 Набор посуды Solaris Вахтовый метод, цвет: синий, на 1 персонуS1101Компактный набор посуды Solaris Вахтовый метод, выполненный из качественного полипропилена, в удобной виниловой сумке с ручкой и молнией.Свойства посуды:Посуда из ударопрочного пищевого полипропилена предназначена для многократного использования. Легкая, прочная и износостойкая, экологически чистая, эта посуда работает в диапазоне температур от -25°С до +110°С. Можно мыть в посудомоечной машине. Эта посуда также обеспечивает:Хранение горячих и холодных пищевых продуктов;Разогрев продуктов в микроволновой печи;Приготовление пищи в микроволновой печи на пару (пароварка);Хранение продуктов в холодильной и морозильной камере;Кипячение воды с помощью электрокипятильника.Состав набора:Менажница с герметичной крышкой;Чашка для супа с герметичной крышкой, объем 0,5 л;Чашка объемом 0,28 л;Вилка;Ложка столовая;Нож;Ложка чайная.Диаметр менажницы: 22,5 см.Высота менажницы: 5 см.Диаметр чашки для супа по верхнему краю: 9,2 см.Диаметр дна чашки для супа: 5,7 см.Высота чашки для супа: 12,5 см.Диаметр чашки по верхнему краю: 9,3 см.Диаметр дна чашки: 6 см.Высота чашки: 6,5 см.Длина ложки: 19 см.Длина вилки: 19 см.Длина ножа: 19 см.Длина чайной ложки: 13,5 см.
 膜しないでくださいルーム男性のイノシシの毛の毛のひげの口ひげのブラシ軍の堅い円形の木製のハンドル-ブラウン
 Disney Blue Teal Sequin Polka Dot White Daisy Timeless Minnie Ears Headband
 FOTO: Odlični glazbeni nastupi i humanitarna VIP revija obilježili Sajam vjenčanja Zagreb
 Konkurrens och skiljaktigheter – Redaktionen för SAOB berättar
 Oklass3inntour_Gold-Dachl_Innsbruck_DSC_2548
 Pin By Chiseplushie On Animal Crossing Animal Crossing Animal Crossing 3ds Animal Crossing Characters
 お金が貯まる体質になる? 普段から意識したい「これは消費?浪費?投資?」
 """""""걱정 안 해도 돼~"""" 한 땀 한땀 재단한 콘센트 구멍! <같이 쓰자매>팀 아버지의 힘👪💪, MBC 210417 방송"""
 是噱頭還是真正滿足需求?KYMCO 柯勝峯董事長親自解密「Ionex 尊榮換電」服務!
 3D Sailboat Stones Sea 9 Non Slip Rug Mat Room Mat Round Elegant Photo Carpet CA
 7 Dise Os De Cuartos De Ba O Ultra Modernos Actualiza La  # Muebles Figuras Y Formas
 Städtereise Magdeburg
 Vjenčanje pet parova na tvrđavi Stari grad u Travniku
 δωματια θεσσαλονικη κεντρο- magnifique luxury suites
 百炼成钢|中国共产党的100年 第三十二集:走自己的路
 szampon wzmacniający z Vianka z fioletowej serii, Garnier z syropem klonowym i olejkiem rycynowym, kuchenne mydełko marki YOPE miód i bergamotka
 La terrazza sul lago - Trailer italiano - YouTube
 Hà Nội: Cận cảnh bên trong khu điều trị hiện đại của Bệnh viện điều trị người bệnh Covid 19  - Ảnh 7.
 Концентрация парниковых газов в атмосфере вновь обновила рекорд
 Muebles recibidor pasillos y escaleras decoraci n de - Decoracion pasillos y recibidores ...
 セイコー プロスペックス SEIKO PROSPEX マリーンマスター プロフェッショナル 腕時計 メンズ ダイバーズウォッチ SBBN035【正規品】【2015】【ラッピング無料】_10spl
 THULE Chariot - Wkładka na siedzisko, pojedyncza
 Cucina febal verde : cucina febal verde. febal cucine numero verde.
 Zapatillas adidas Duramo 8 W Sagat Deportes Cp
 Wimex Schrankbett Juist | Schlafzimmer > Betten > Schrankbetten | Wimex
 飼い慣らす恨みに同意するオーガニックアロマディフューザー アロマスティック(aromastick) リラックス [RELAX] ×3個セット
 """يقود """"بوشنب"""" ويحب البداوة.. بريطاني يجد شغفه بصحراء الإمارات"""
■ ■ ■
Give the number of lines in the data above that include the word "Muebles", with no other words.

* Task result: 2